傅羿岑聲音沙啞,眼底的欲望逐漸匯聚,將深不見底的黑眸攪弄得渾濁。

“你這是做什麽?”

白皙細膩的皮膚透著一層粉嫩的紅,戴了兩只毛絨絨的兔耳朵,一條短短的白色尾巴,許是覺得礙事,他將尾巴蜷成一團墊在一旁。

聽到聲響,他傻楞楞望了過來,手裏還舉著一個白裏透粉的東西,像兩個連起來的碗,也不知道做什麽用的。

但配合目前看到的這一幕,總歸不會太正經。

“羿哥哥。”

周忍冬嬌羞地低下頭,小聲喊了一句。

他如同剛幻化人形的兔子精,是一個不谙世事的少年,偏偏又渾身帶著挑逗人的氣息,像是世上最好的欲望之藥,令傅羿岑的燥熱瞬間抵達小腹。

“我、我……我不知道……”見傅羿岑盯著他,卻遲遲不願走近,周忍冬以為這一身裝扮太過孟浪,果然嚇壞了他,頓時有些手足無措。

這般想著,他連忙丟了手裏的東西,急著去扯掉身後的尾巴。

見況,傅羿岑幾步上前,按住他的手腕,免得他亂來弄傷了自己。

“羿哥哥……”周忍冬聲音巍顫顫的,帶著掩飾不住的委屈,“嗚嗚……”

傅羿岑咽了咽口水,忍住躁動的心,將如玉般的人抱入懷裏,親了親他漲紅得熱燙的耳垂。

周忍冬哼唧一聲,往他懷裏鉆,像極了一只依賴主人的兔子精。

“冬兒這是要做什麽?”

傅羿岑只覺得他可愛得緊,忍住把人拆吞入腹的沖動,引誘著小兔子把他更可愛的一面都展示出來。

果然,周忍冬仰起頭,晃了晃兔耳朵,又摸了摸後面的尾巴,把自己搞得瑟縮了片刻,才慢吞吞問:“你、你喜歡嗎?”

傅羿岑瞇了瞇眼,從喉嚨裏蹦出一個字:“嗯。”

喜歡得不得了!

喜歡得不知該如何形容!

甚至覺得懷裏的人美得像只存在於夢境或幻想裏。

傅羿岑舔了舔幹燥的唇,低頭含住他紅得透亮,如同寶石一般的耳垂,牙齒輕輕磨了磨。

“唔……羿哥哥……”

周忍冬透紅的身體顫了顫,雙手無助地攀上他的腰,將整個人送進他懷裏,明明羞澀得厲害,卻還硬著頭皮擺出一副任君采擷的模樣。

傅羿岑拍了拍他的手背,一邊親吻他,一邊看向一旁包裹裏五花八門的小東西,眸光暗了暗,一個不註意,咬破了他的唇。

“痛……嗚嗚……流血了……”

他的抱怨淹沒在傅羿岑更猛烈的攻城略地中,破了皮流出來的那點血,也早被他舔舐幹凈,周忍冬嗚嗚咽咽的,只能發出細碎的呼吸聲。

不知過了多久,傅羿岑總算放過他飽受蹂躪的一雙紅唇,深邃的眸光盯著他看,而他已經提不起一絲力氣,靠在傅羿岑懷裏嬌·喘。

“冬兒。”傅羿岑帶著誘惑的聲音在耳畔響起 ,“這些東西……我們都試一試好不好?”

周忍冬回頭看了一眼,眼眶瞬間紅了,哭喪著臉道:“我、我不知道怎麽用。”

傅羿岑呼吸一沈,戳了戳他的兔耳朵,親一口顫動的眼睫毛,循循善誘:“我懂……我帶著你玩,好不好?”
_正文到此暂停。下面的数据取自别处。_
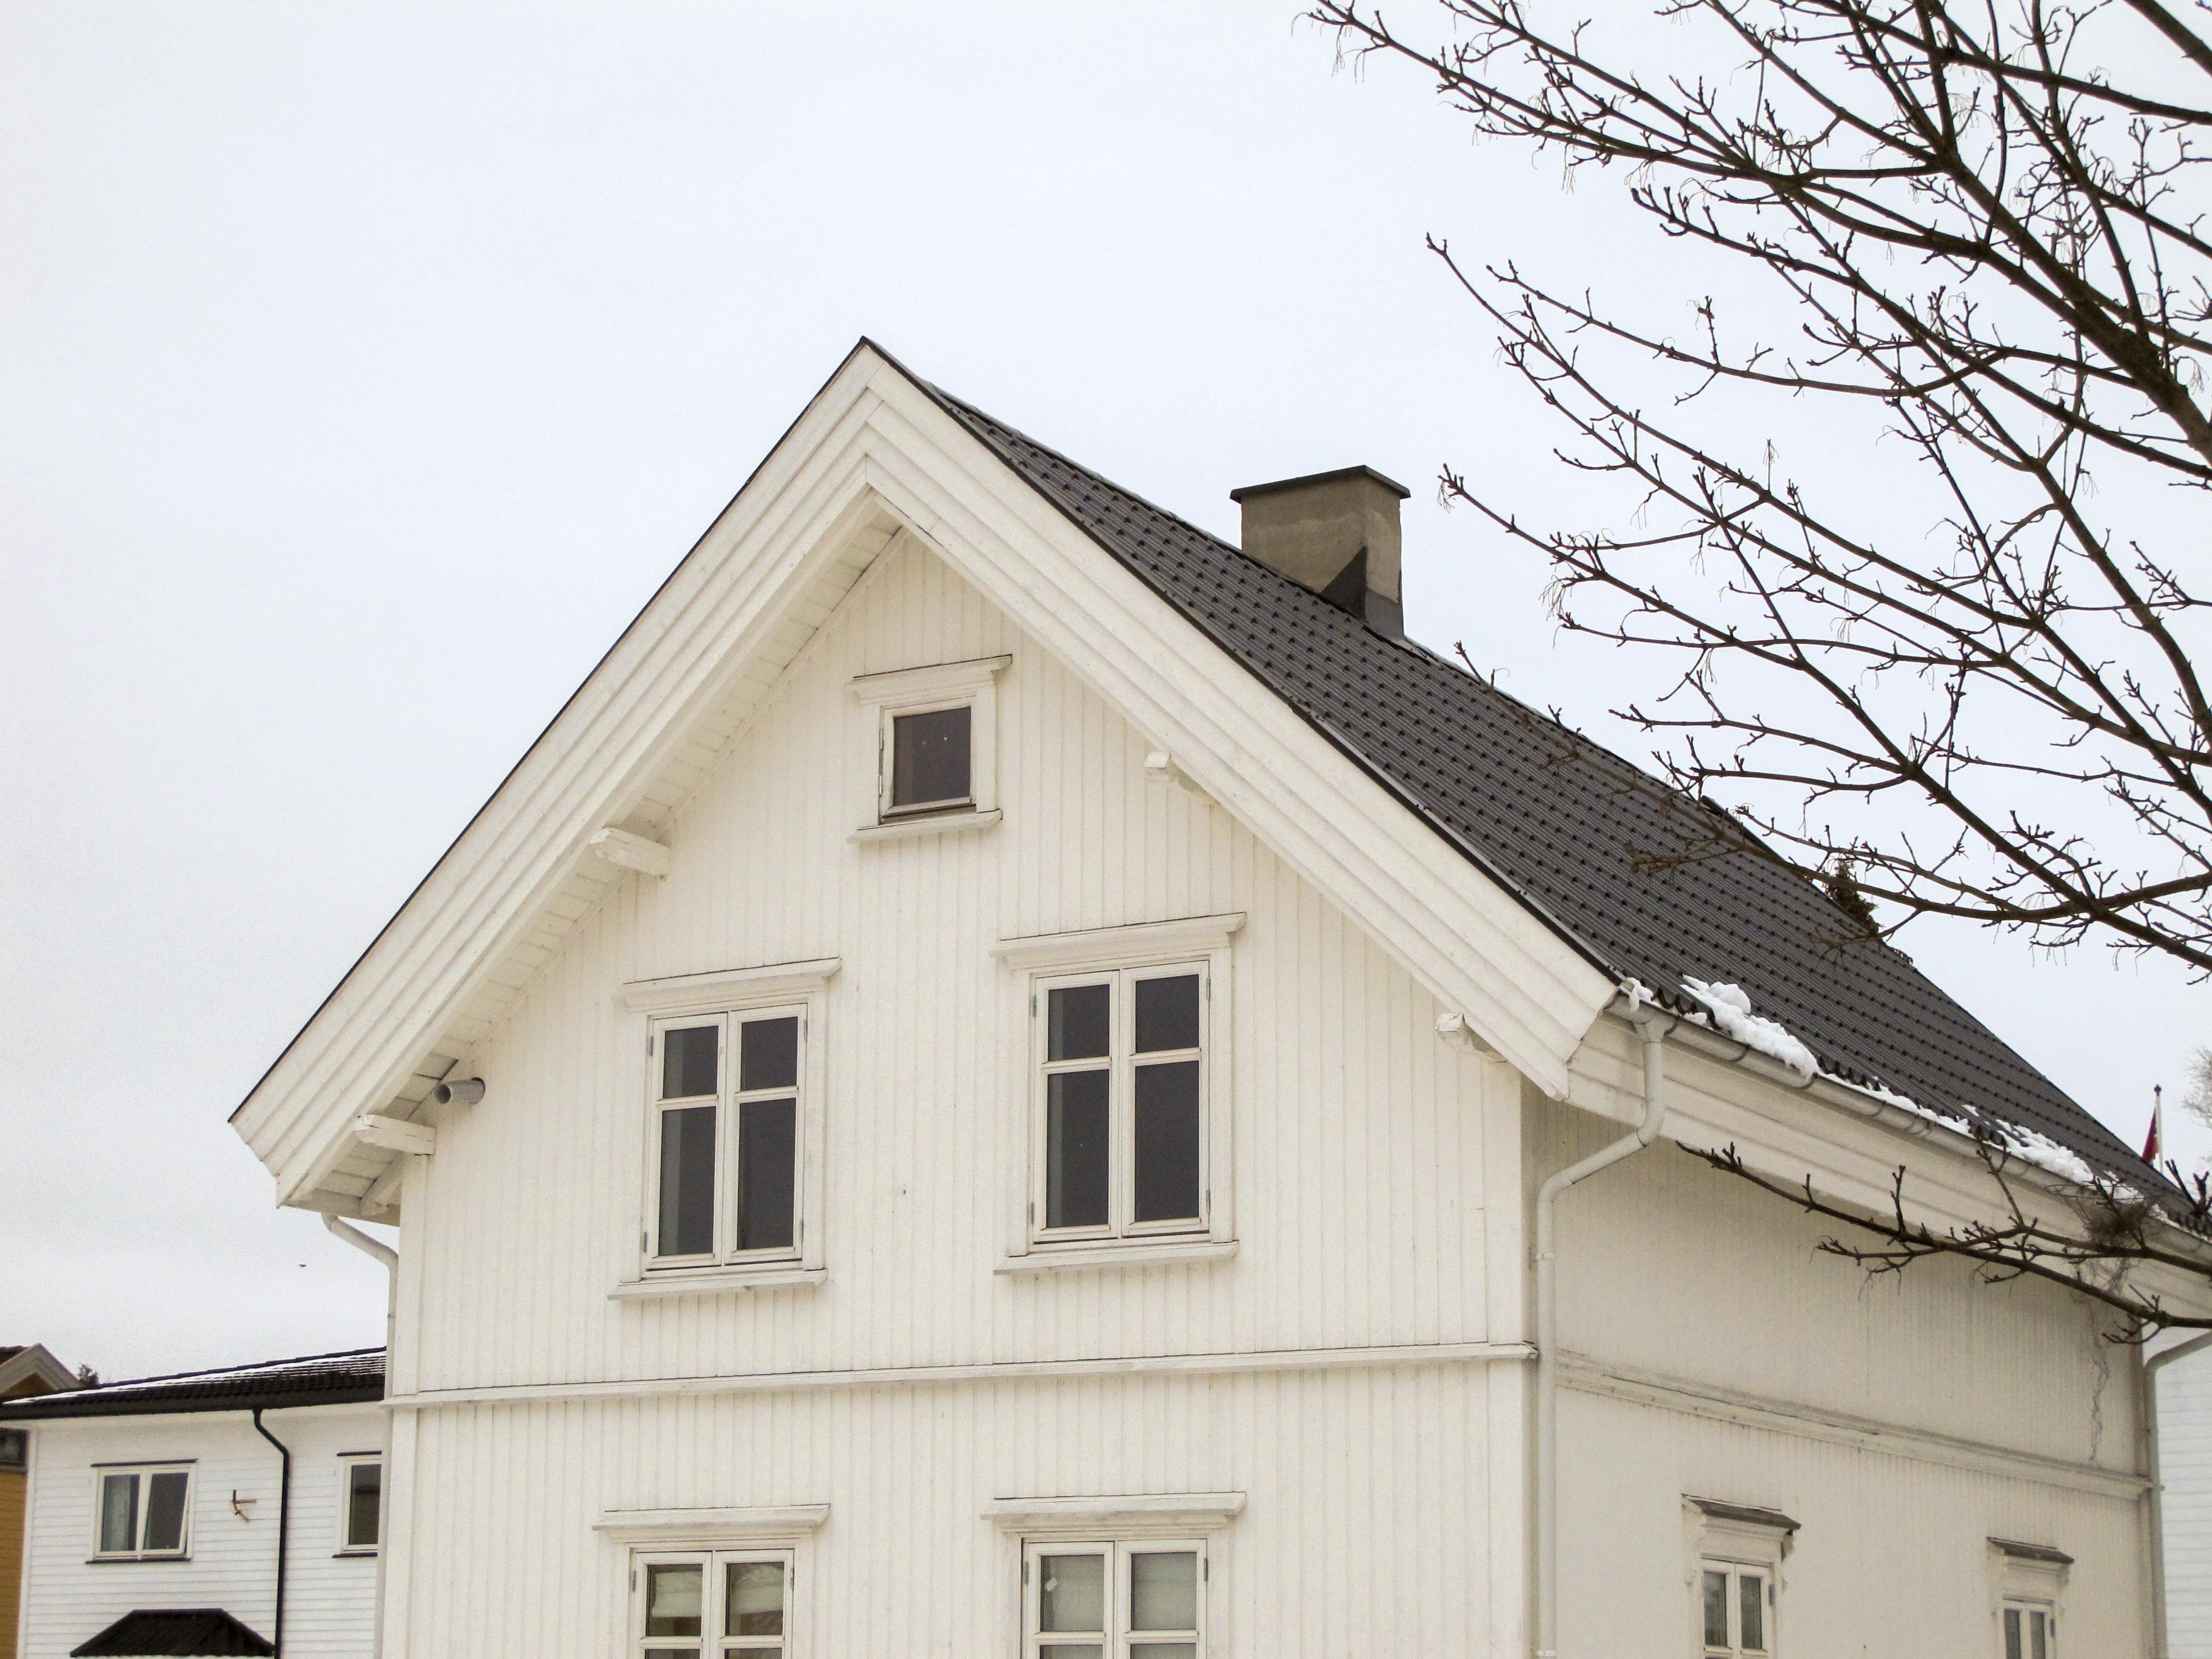 Ofte etterisoleres gamle hus utvendig - noe som fører til uheldige endringer i detaljering og proporsjoner. Her ser vi at taket har blitt etterisolert og vindskiene har blitt betydelig bredere, noe som gir huset et noe merkelig uttrykk, som om det har fått en ekstra tykk hatt tredd ned over bygningen. Foto: KM Frøyset
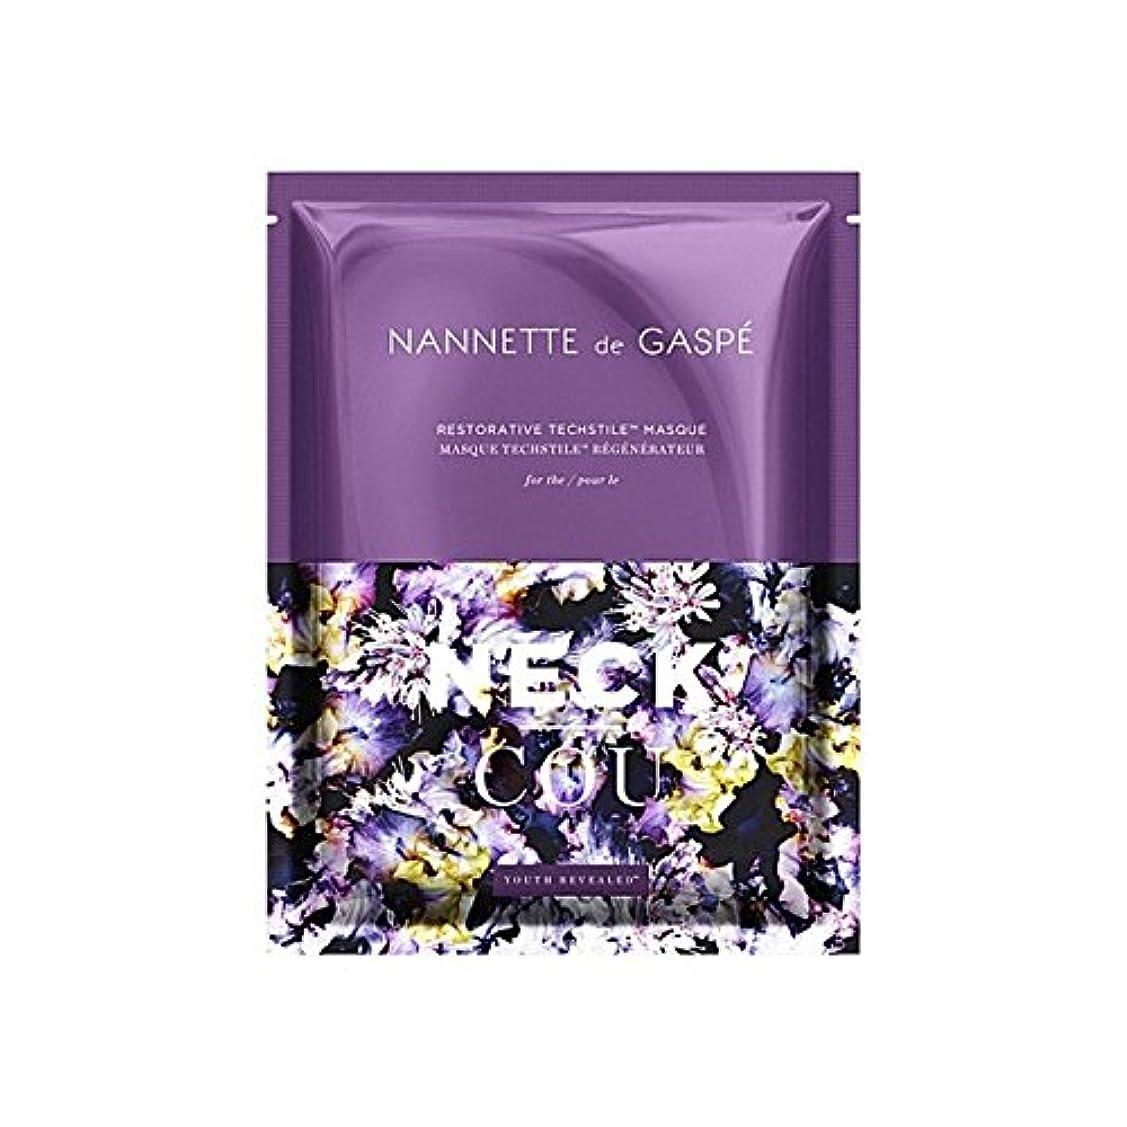 ケーブルボックスホースデガスペ修復首の仮面劇 x2 - Nannette De Gaspe Restorative Techstile Neck Masque (Pack of 2) [並行輸入品]

無非是坊間尋歡作樂的一些小玩意兒,他沒用過,倒是見過不少,稍一看看就無師自通了。

周忍冬對他是完全的信任,加上今晚本就是他主動,於是想都沒想,便點頭應允了。

“我、我給你玩兒,但是……你……”周忍冬瞪大了無辜的眼睛看他,“你不可以喜歡別人,要……要想著我……”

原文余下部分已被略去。